Exercise brief :: For the records below, output word for word the lines from the one with "When I am in" up to and including the one with "Dune London Black". No pictures.

Data excerpts:
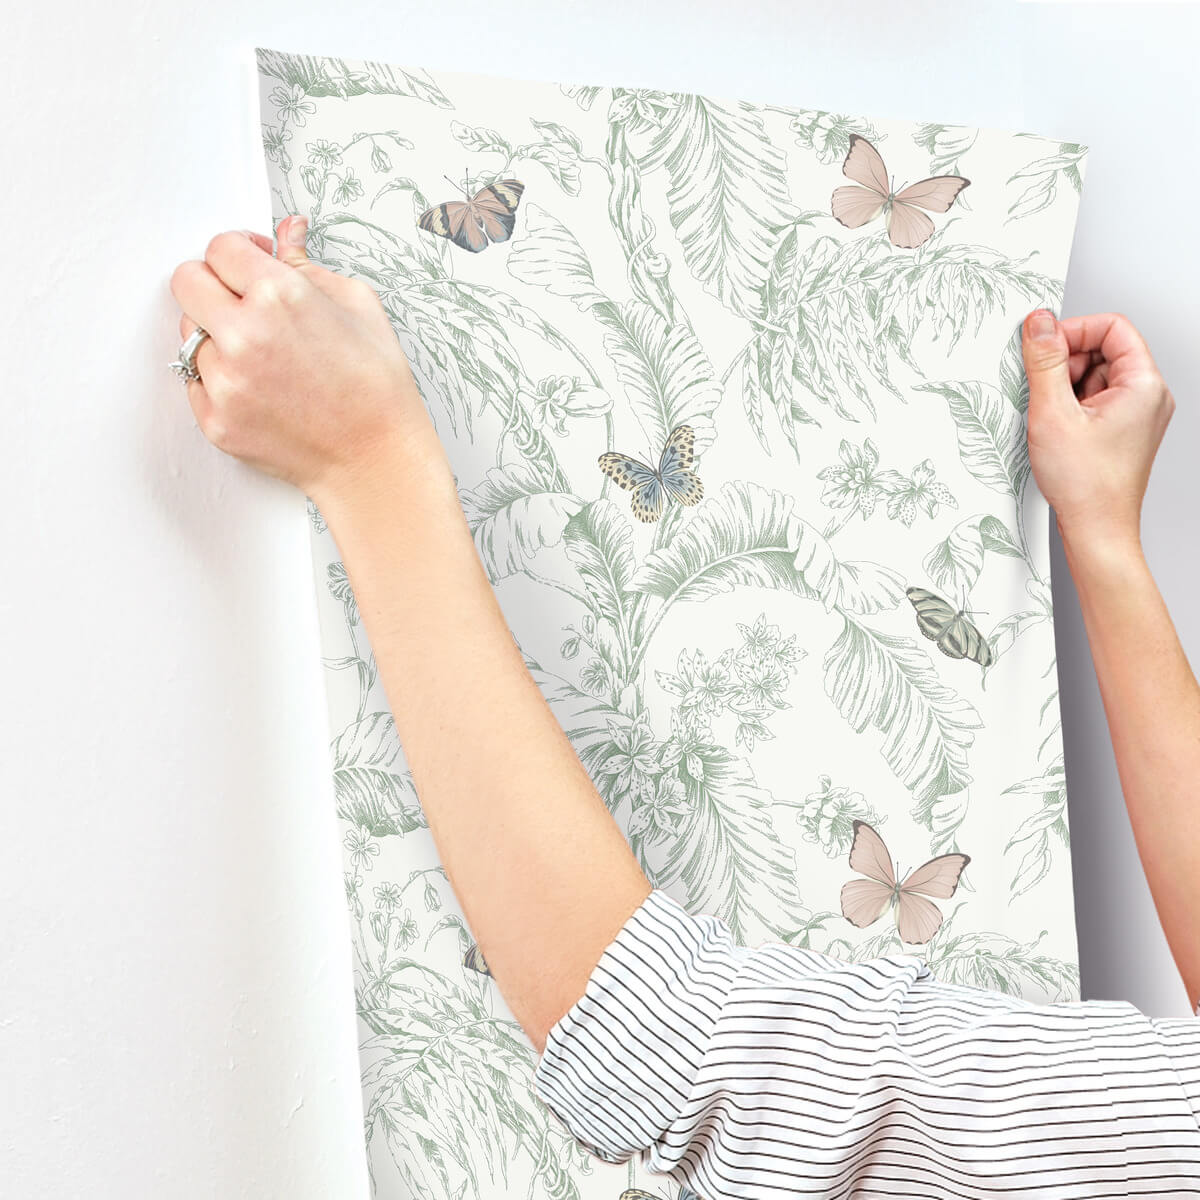 Toile Resource Library Papillon Wallpaper - Green
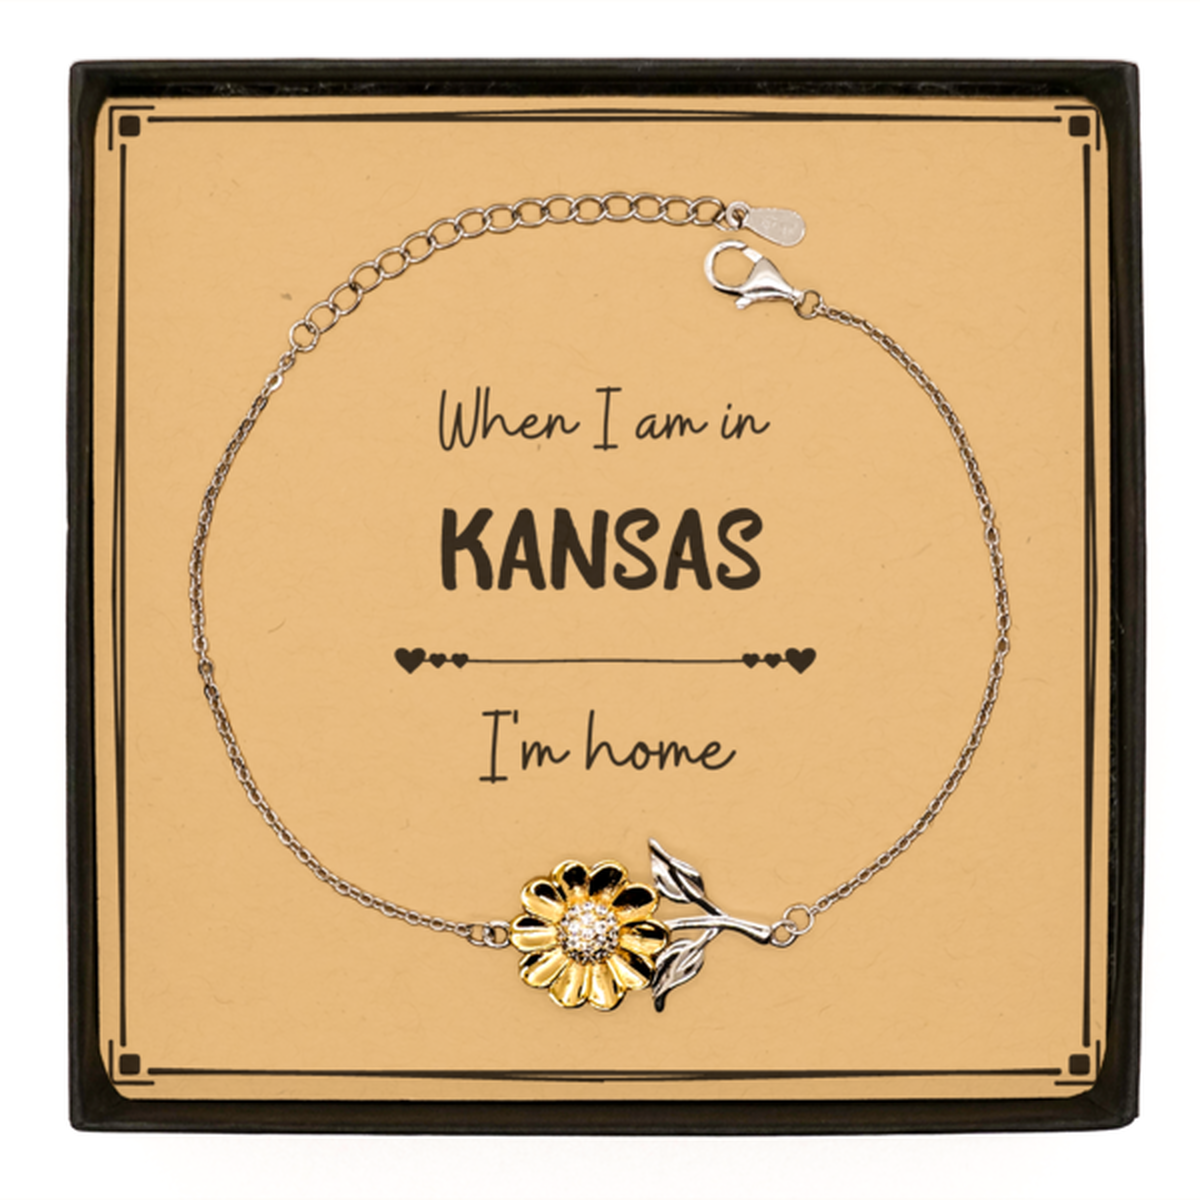 When I am in Kansas I'm home Sunflower Bracelet, Message Card Gifts For Kansas, State Kansas Birthday Gifts for Friends Coworker
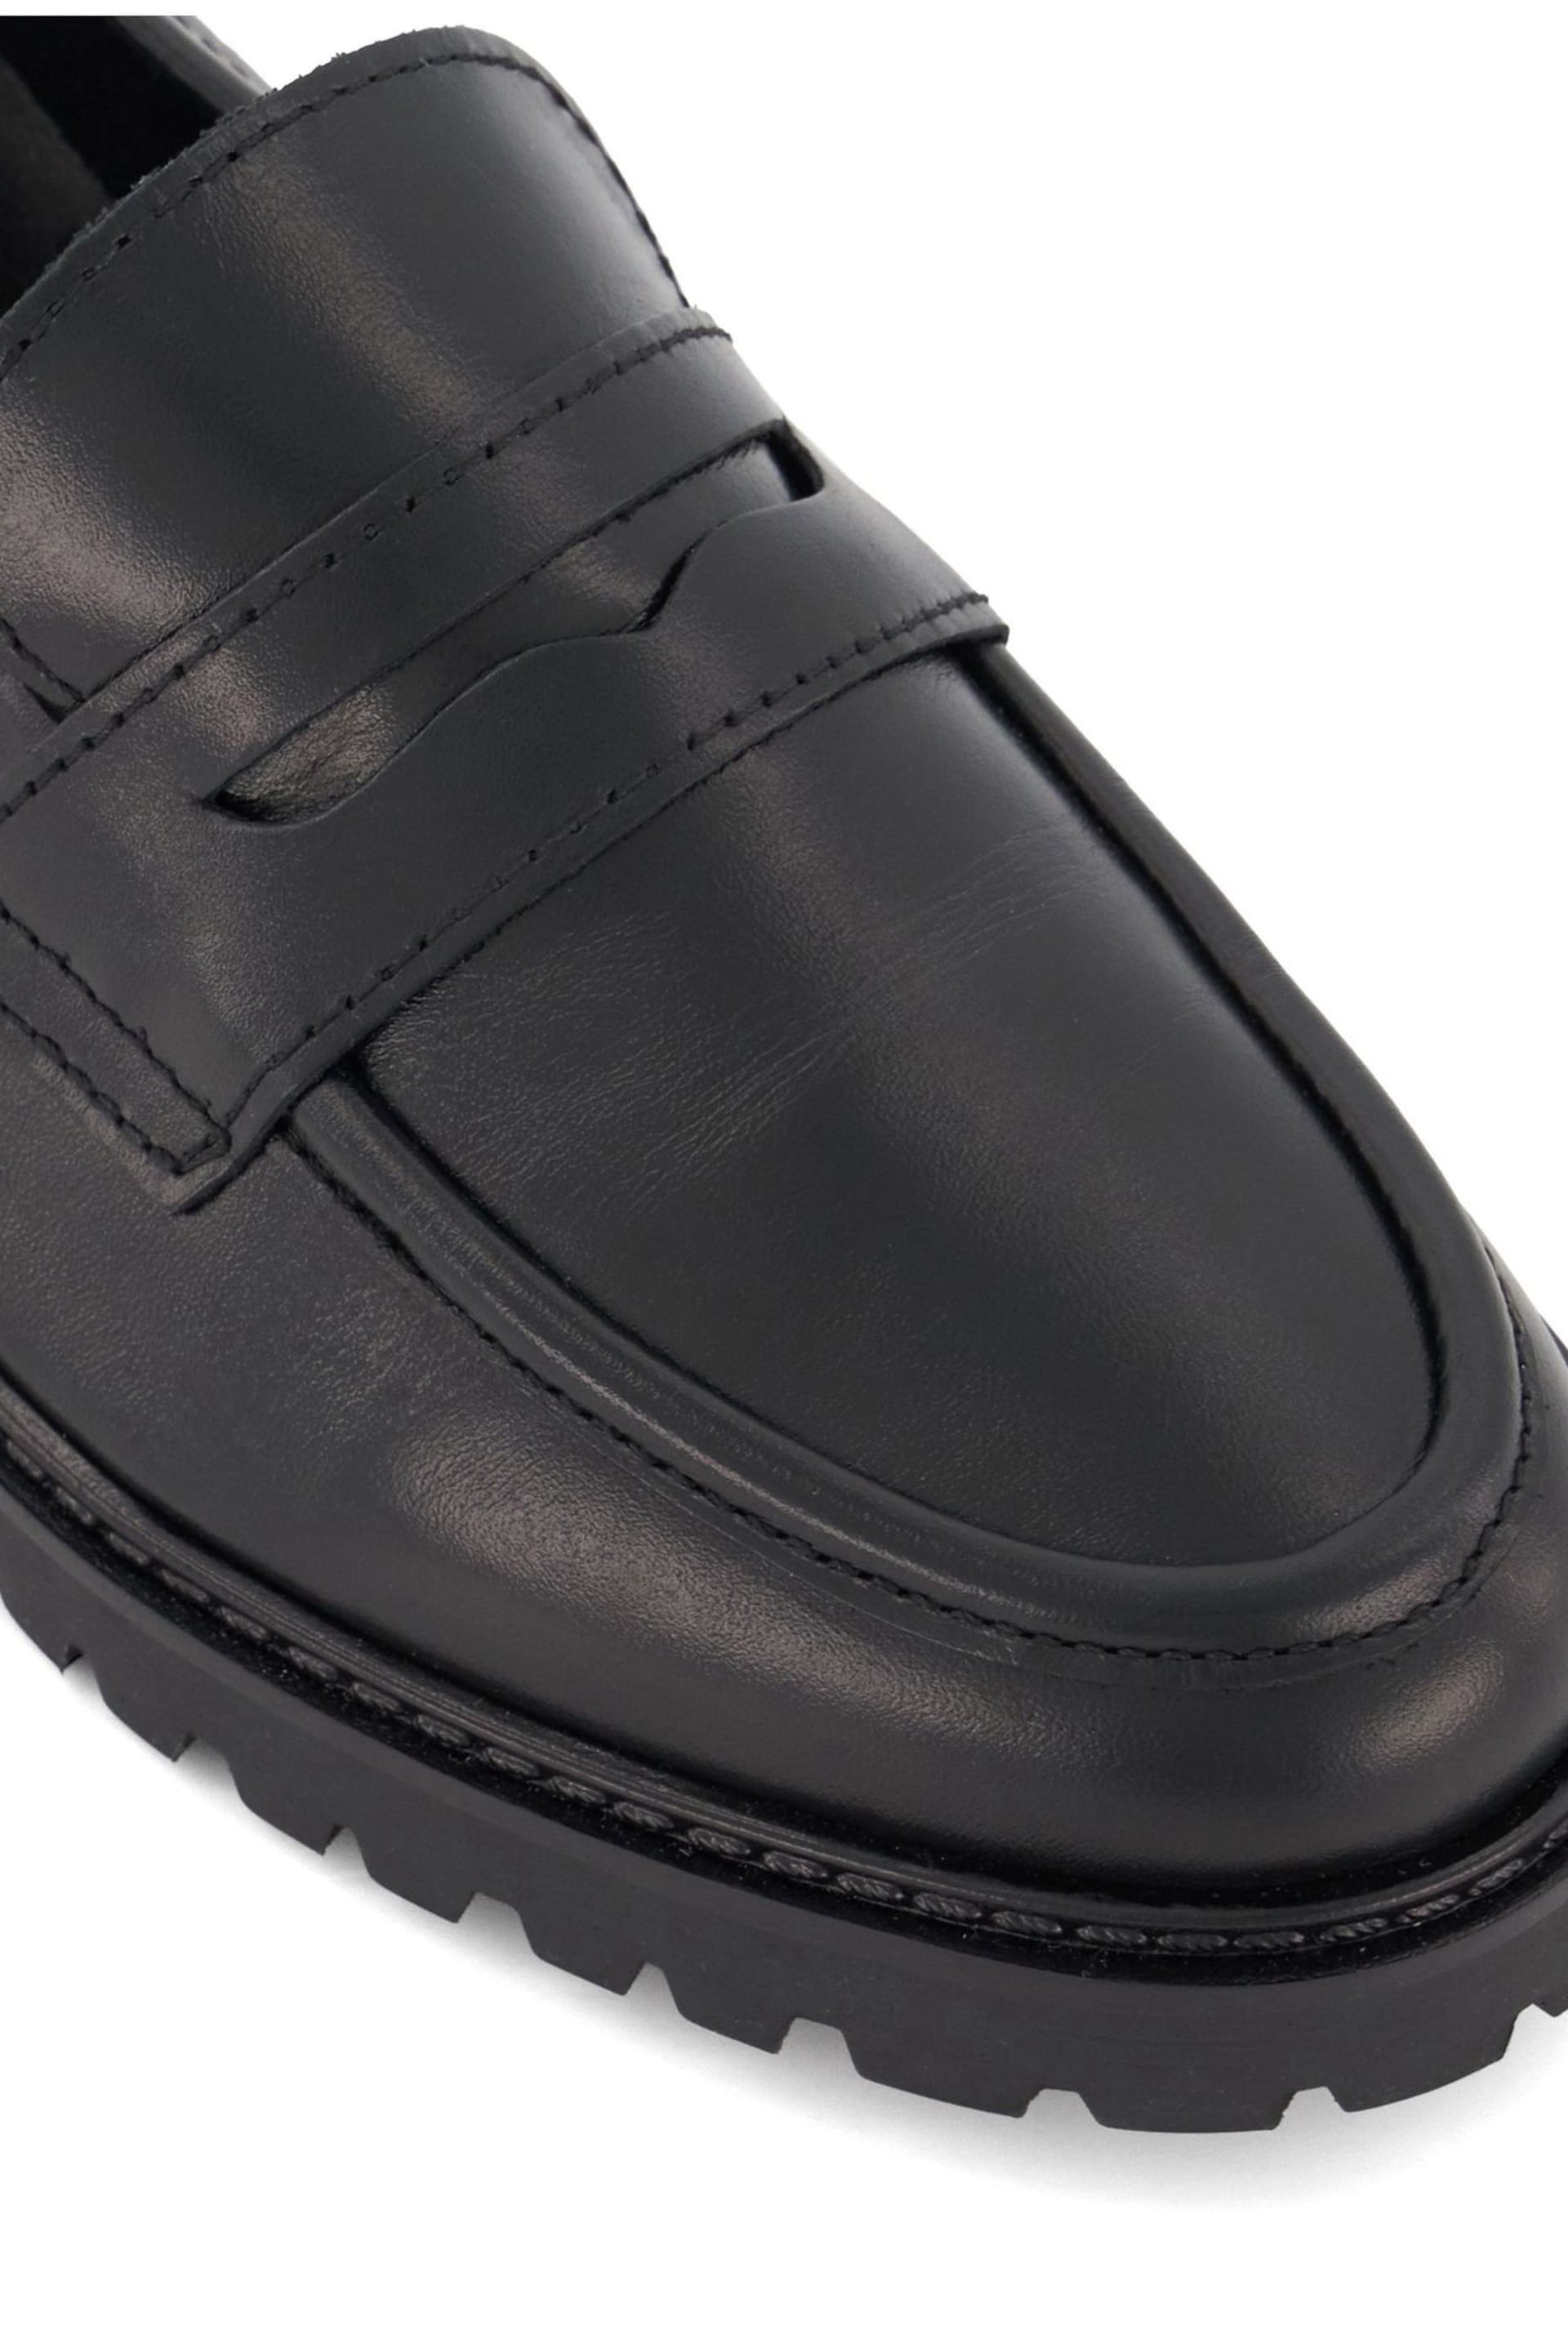 Dune London Black Gild Cleated Penny Loafers - Image 5 of 6
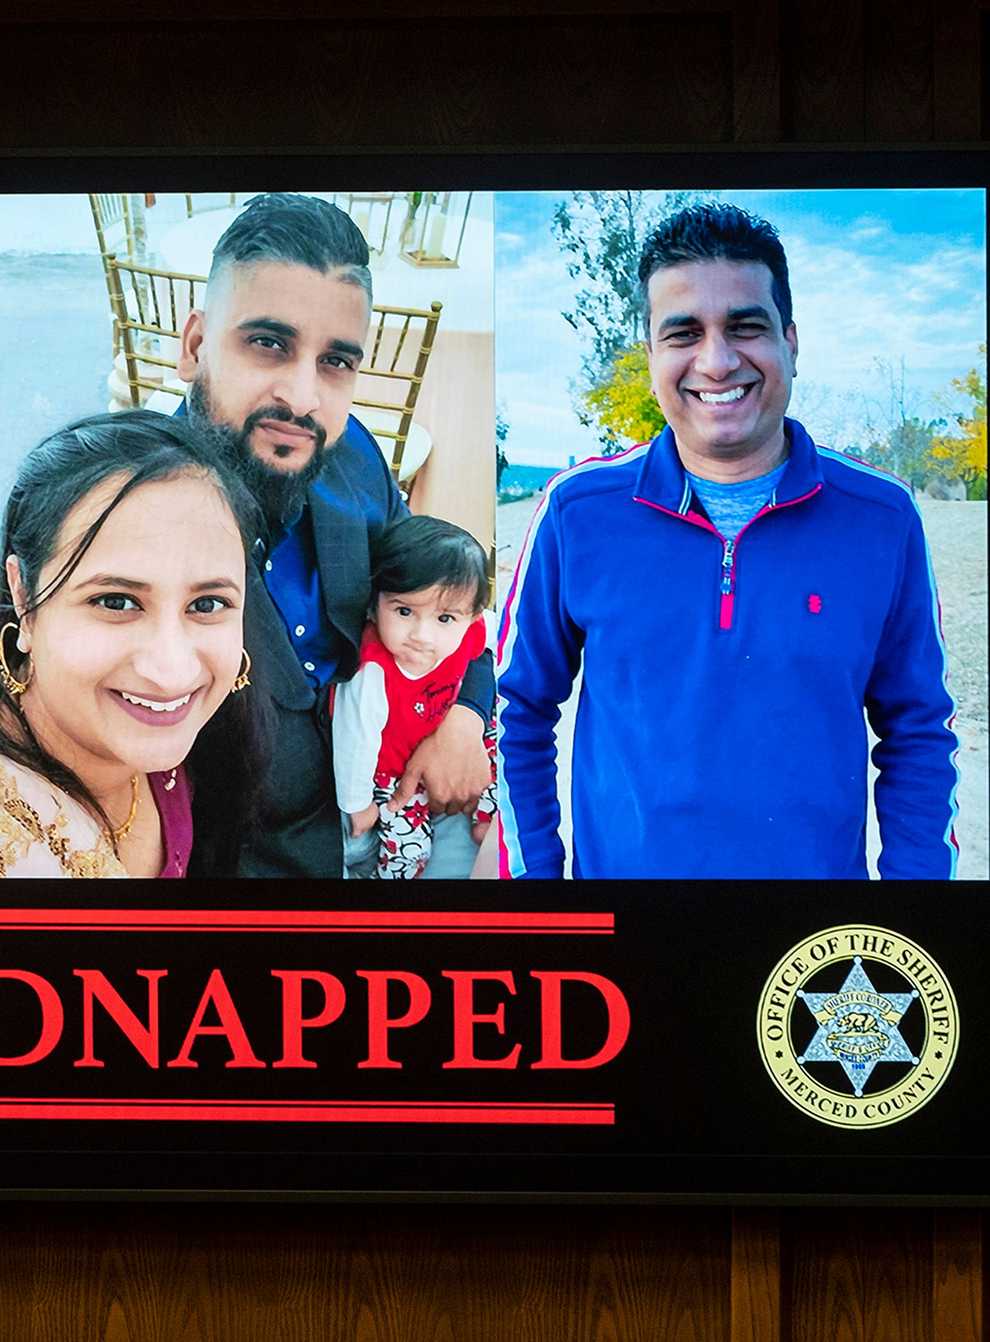 A baby girl and three other family members who were kidnapped at gunpoint have been found dead in a central California orchard (Andrew Kuhn/The Merced Sun-Star/AP)
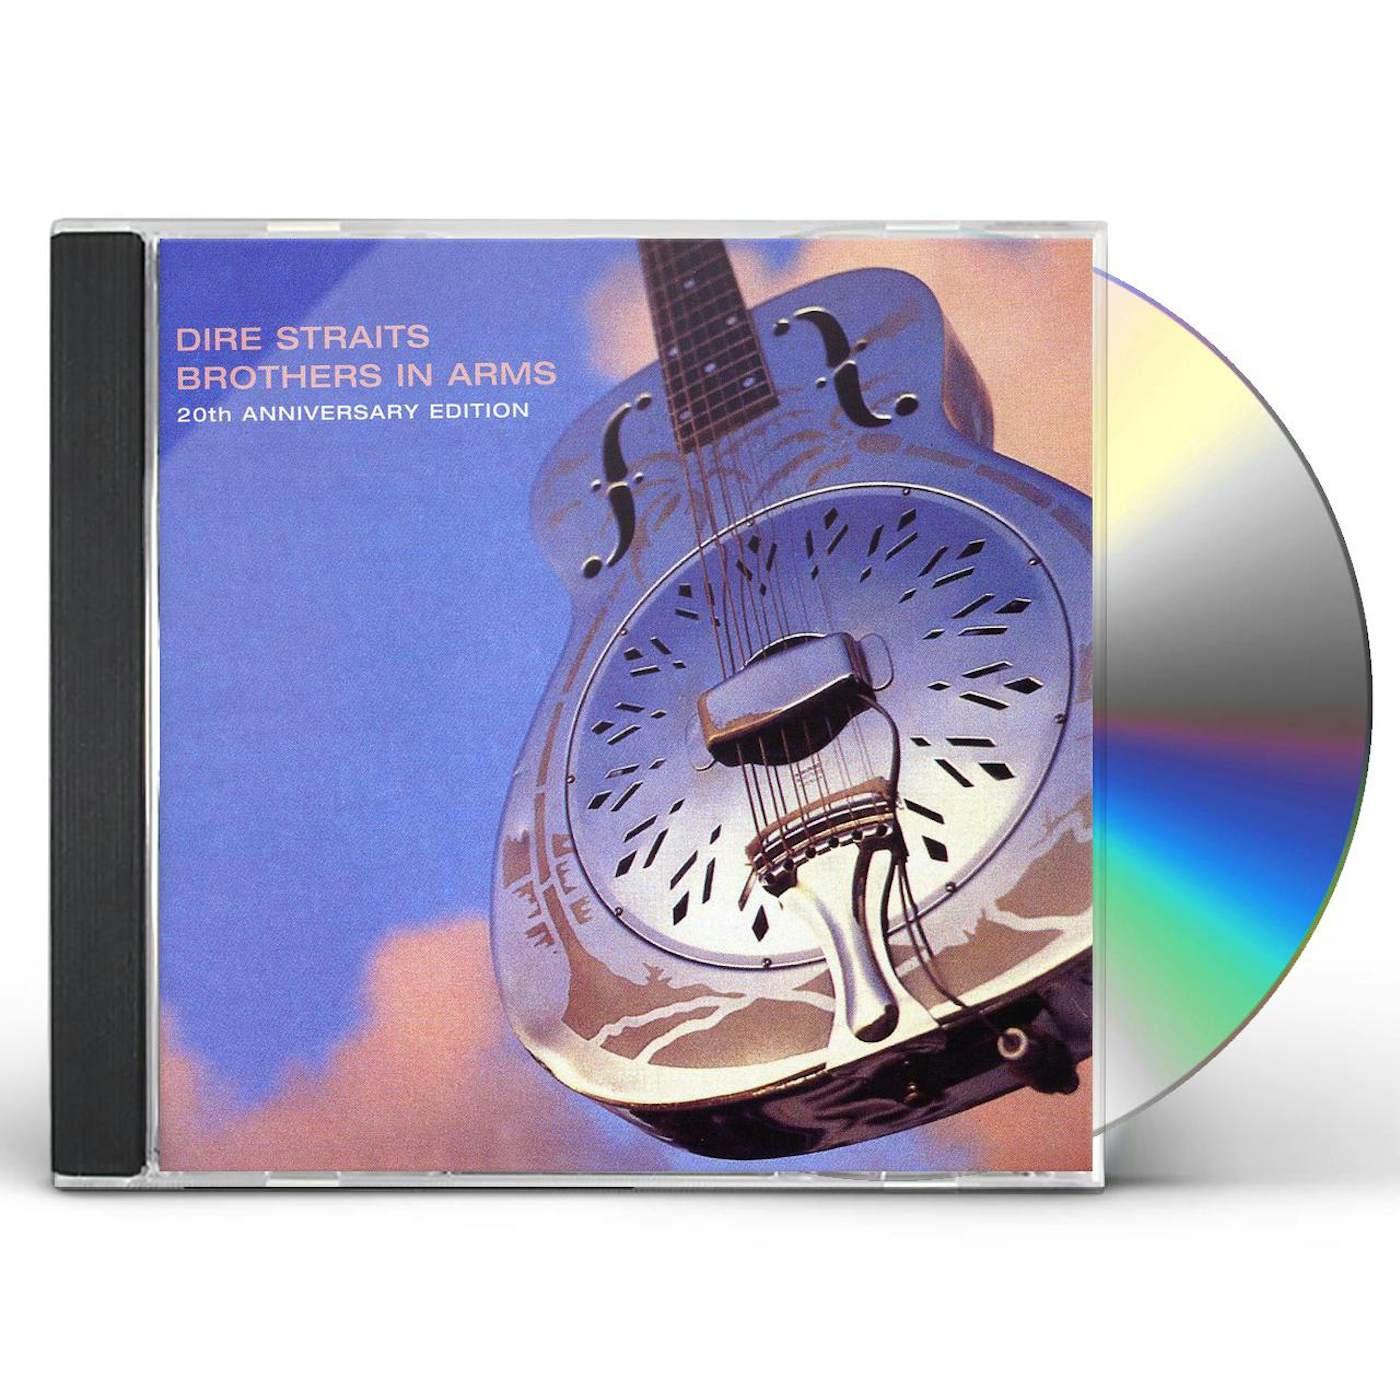 Dire Straits BROTHERS IN ARMS Super Audio CD

Response to this exercise ::
 When I am in Kansas I'm home Sunflower Bracelet, Message Card Gifts For Kansas, State Kansas Birthday Gifts for Friends Coworker
 Dune London Black Gild Cleated Penny Loafers - Image 5 of 6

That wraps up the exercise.